Start of Available records
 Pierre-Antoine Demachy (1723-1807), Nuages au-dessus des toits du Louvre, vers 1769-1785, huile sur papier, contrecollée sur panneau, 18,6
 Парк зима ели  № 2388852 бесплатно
End of Available records
Start of Available records
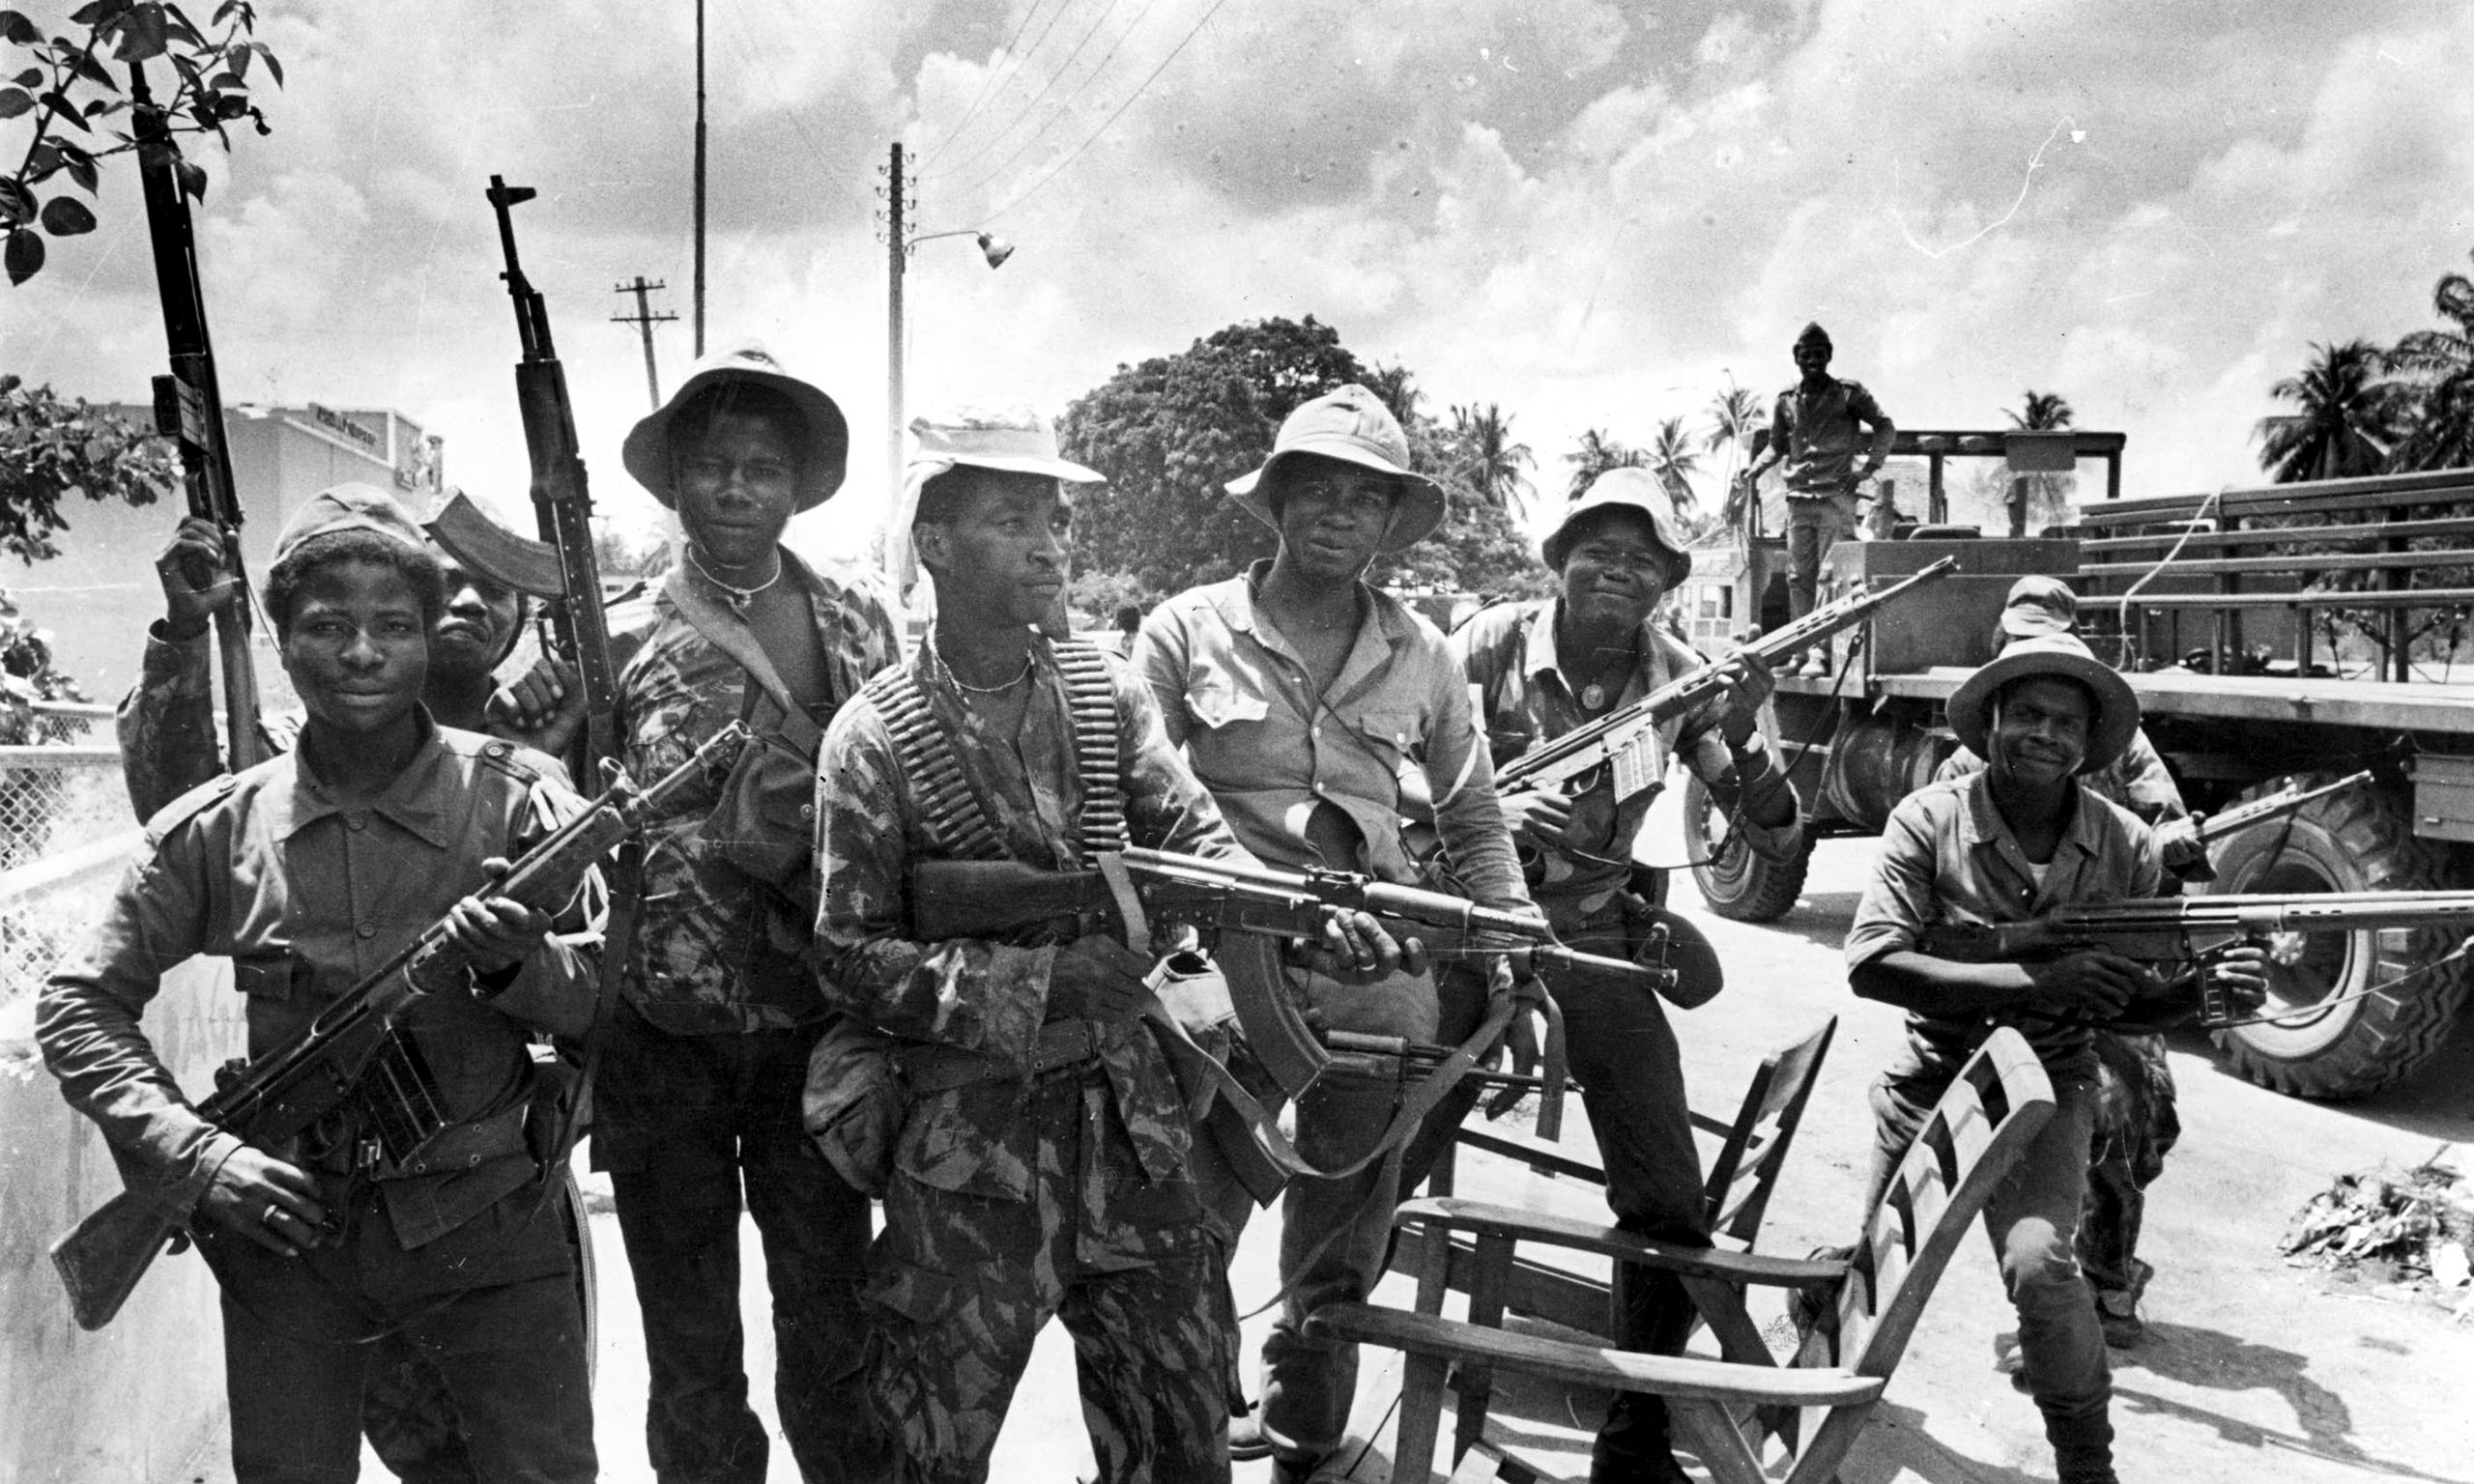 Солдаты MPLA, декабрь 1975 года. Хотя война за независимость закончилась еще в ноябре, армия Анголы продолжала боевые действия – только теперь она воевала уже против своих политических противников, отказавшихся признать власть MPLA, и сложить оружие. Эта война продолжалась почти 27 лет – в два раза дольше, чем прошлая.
End of Available records
Start of Available records
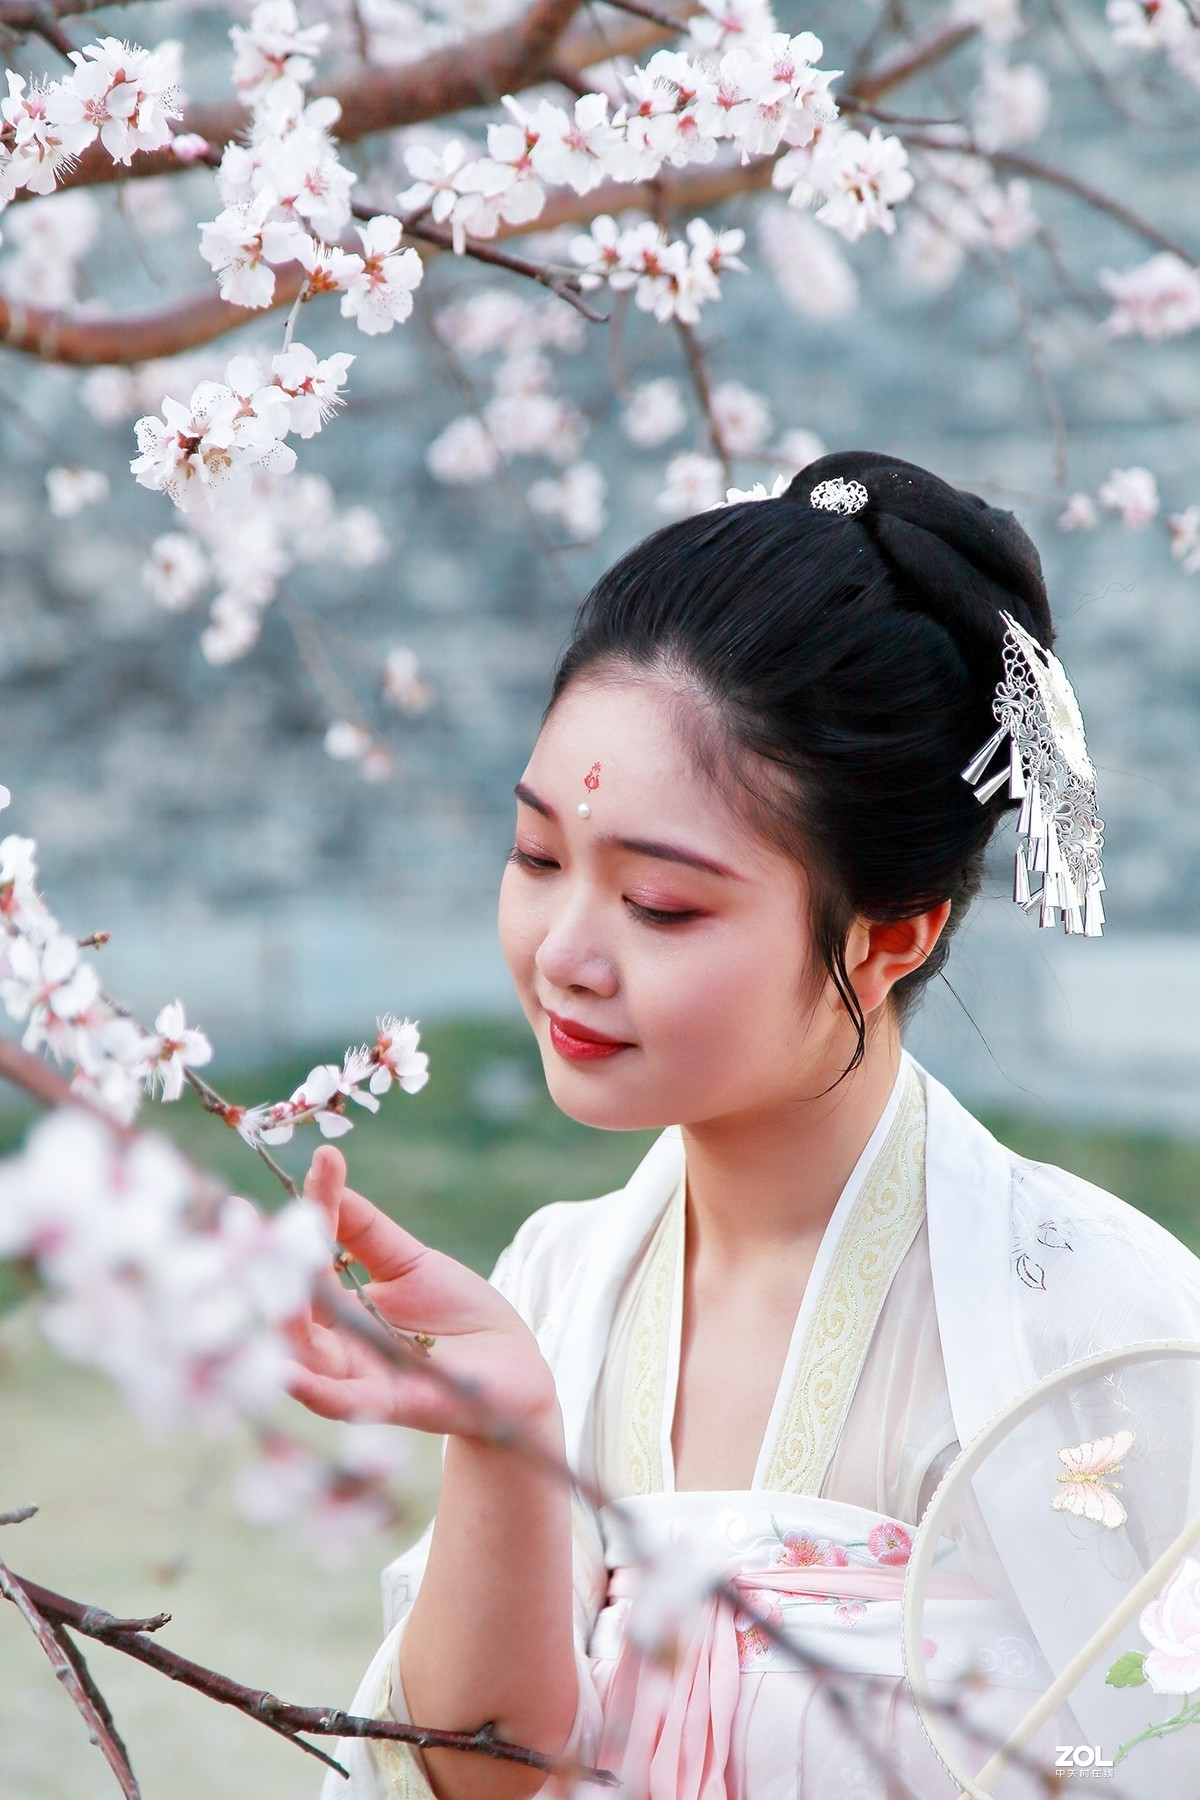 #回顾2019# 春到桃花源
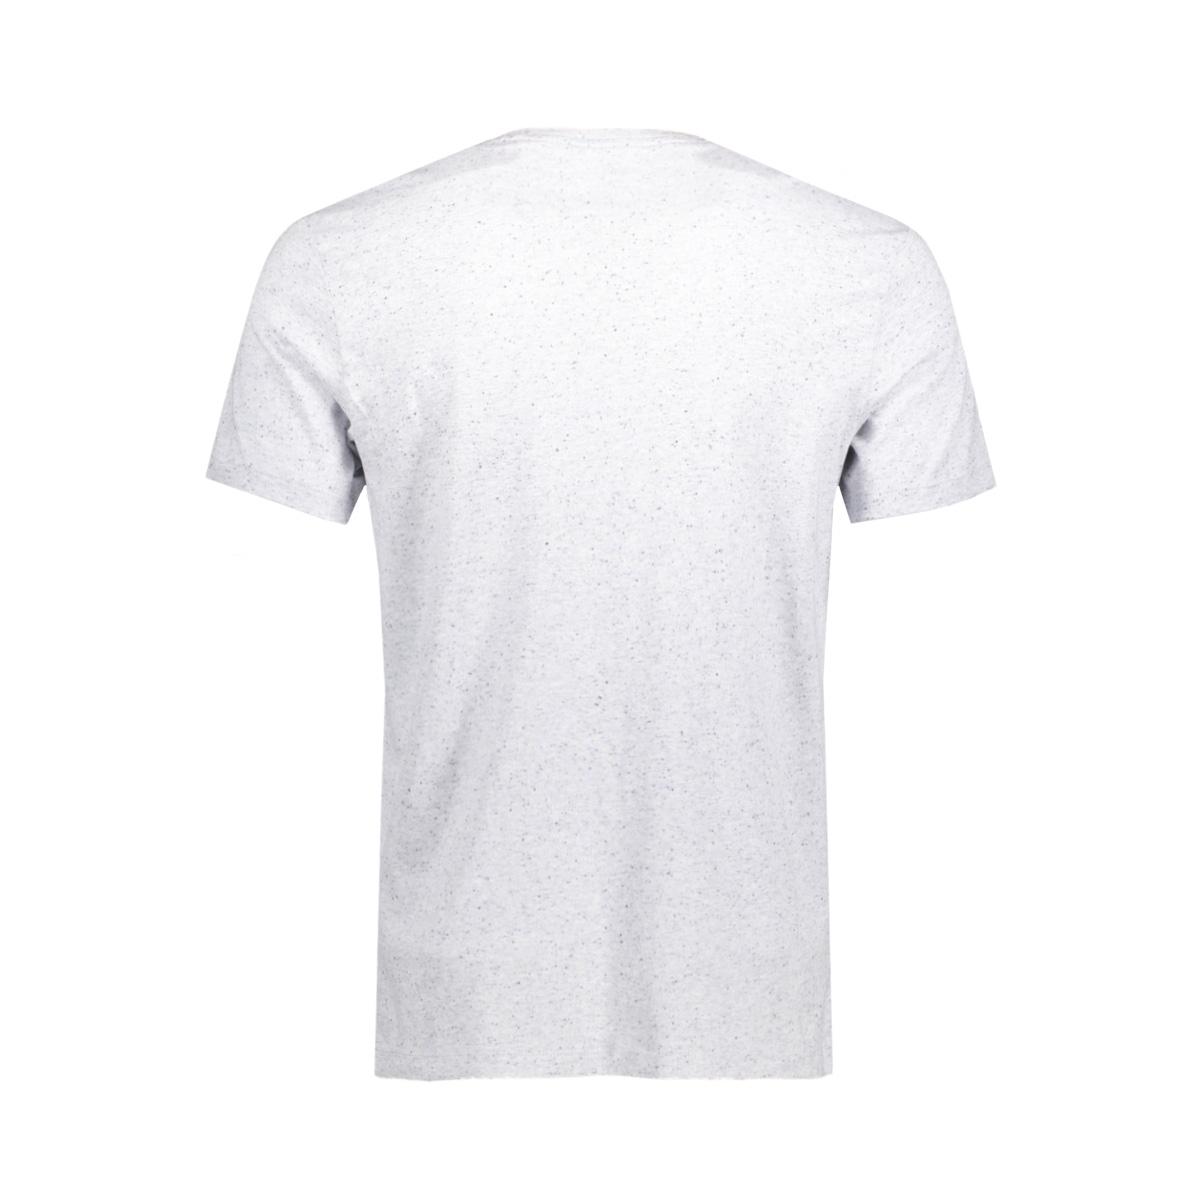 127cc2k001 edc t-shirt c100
End of Available records
▸ **How to complete this task**:
Return, with no change at all, every line in the entries above from the line containing "Pierre-Antoine Demachy (1723-1807), Nuages" through the line containing "Парк зима ели".

▸ **Response to the task**:
 Pierre-Antoine Demachy (1723-1807), Nuages au-dessus des toits du Louvre, vers 1769-1785, huile sur papier, contrecollée sur panneau, 18,6
 Парк зима ели  № 2388852 бесплатно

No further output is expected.